Serdecznie Zapraszamy 
Sz. P. Dracona Malfoy'a
na uroczystość zaślubin
Hermiony Jean Granger
i
Ronalda Billiusa Weasley'a,
która odbędzie się w Kościele Świętego Merlina
dnia 29 lipca 1998 roku.


- Diable... Co ja mam zrobić? - zapytał zdruzgotany Draco.
- Zapytaj, czy nie potrzebują drużby - odpowiedział śmiertelnie poważnie Blaise Zabini.
- Bardzo śmieszne, Zabini - warknął młody Malfoy. - Ja pytam poważnie.
- Sorry Smoku - powiedział ze skruchą mulat. - Nie mam pojęcia, naprawdę.
- Może ona nigdy nie miała być moja i powinienem sobie odpuścić...
- Nawet tak nie mów! Jesteś Malfoy' em, a Malfoy'owie nigdy się nie poddają.

~ ~ * ~ ~

    Za chwilę miała rozpocząć się ceremonia. Draco wszedł do kościoła jako jeden z ostatnich gości. Był w lekkim szoku, bo przed chwilą dowiedział się, że Potter uznał, że bycie głową świata czarodziejów nie jest dla niego i on zadowoli się posadą szefa aurorów, ale zażyczył sobie, że niejaki Dracon Lucjusz Malfoy ma zostać nowym Ministrem Magii. Co prawda z Harry'm pogodził się dość dawno temu, a nawet można powiedzieć, że się zaprzyjaźnili, ale w życiu nie spodziewałby się, że tamten odda mu stołek ministra. Oczywiście blondyn nie był głupi i przyjął posadę.

~ ~ * ~ ~

- Czy Ty Ronaldzie Weasley bierzesz sobie tę oto Hermionę Granger za żonę?
- Biorę - odpowiedział pewnie Ron.
- Czy ty Hermiono Granger bierzesz sobie tego oto Ronalda Weasley za męża?
- Ja...Ja...Ja kocham kogoś innego. Przykro mi, ale nie. Przepraszam Ron - powiedziała panna młoda i wybiegła z kościoła pod obstrzałem zdziwionych spojrzeń, by po chwili teleportować się w tylko sobie znane miejsce.

~ ~ * ~ ~


    Aportowała się tuż przed drzwiami swojego apartamentu przy jednej z najbardziej ruchliwych ulic w Londynie.

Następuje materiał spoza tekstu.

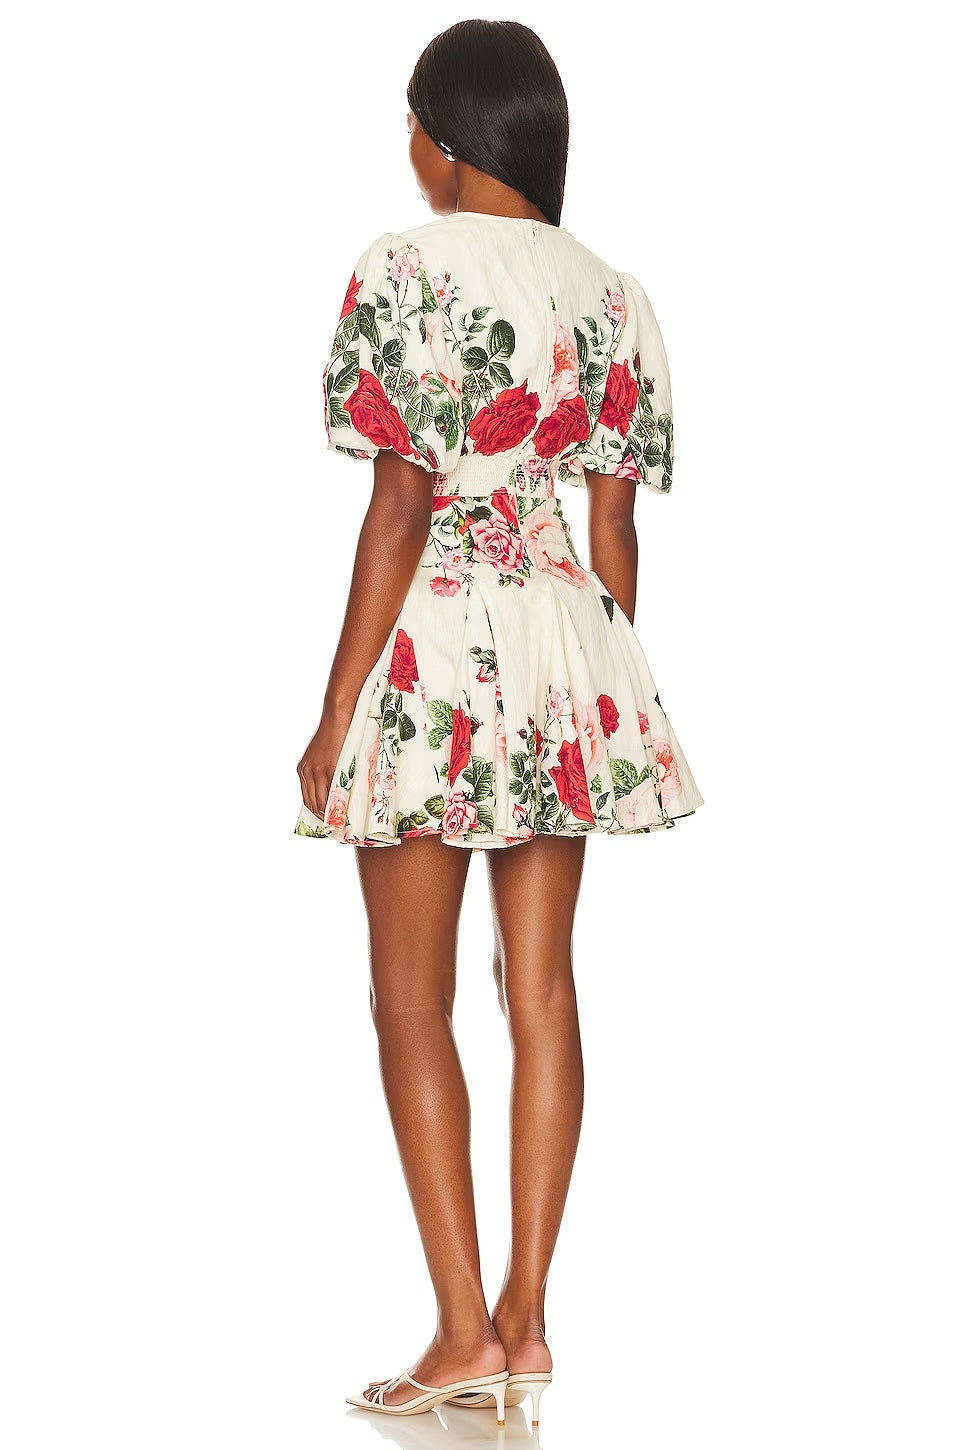 Hemant & Nandita Rose Print Short Dress, floral dress, mini dress, puffed sleeved dress, women's clothing

Wyciągnęła klucze spod wycieraczki i weszła do środka. Westchnęła - każde pomieszczenie przypominało jej Rona, a teraz nieszczególnie miała ochotę o nim myśleć. Jednym machnięciem różdżki zmieniła swoją białą suknię na lekką, letnią, różową sukienkę, a drugim swoją elegancką fryzurę na roztrzepany koczek na czubku głowy. Weszła do garderoby i chwyciła walizkę, którą przygotowała wcześniej na podróż poślubną z Ronem. Wzięła bilety, które leżały na stoliku w salonie i wyszła z apartamentu, uprzednio zamykając drzwi. Mogła teleportować się prosto na Majorkę, ale chciała lecieć samolotem, aby podczas podróży móc przemyśleć co ma dalej robić...


~ ~ * ~ ~

    Wyszedł z kościoła, kiedy tylko uświadomił sobie, co jego ukochana właśnie zrobiła. Od razu odszukał wzrokiem Weasley'a. Podbiegł do niego i zapytał, jak na siebie aż za spokojnie:
- Weasley. Gdzie jest Granger?
- Nie Twoja sprawa, Malfoy! Odwal się od niej!
- Nie mam czasu Weasley, więc nie przedłużaj i powiedz mi gdzie jest Hermiona? - odrzekł zirytowanym tonem.
- Nic Ci nie powiem, Malfoy! Ona jest moja!
Draco już całkiem się zdenerwował i uderzył rudzielca w twarz, aż ten stracił równowagę i teraz próbował wstać z ziemi trzymając się za złamany nos, z którego ciekła krew.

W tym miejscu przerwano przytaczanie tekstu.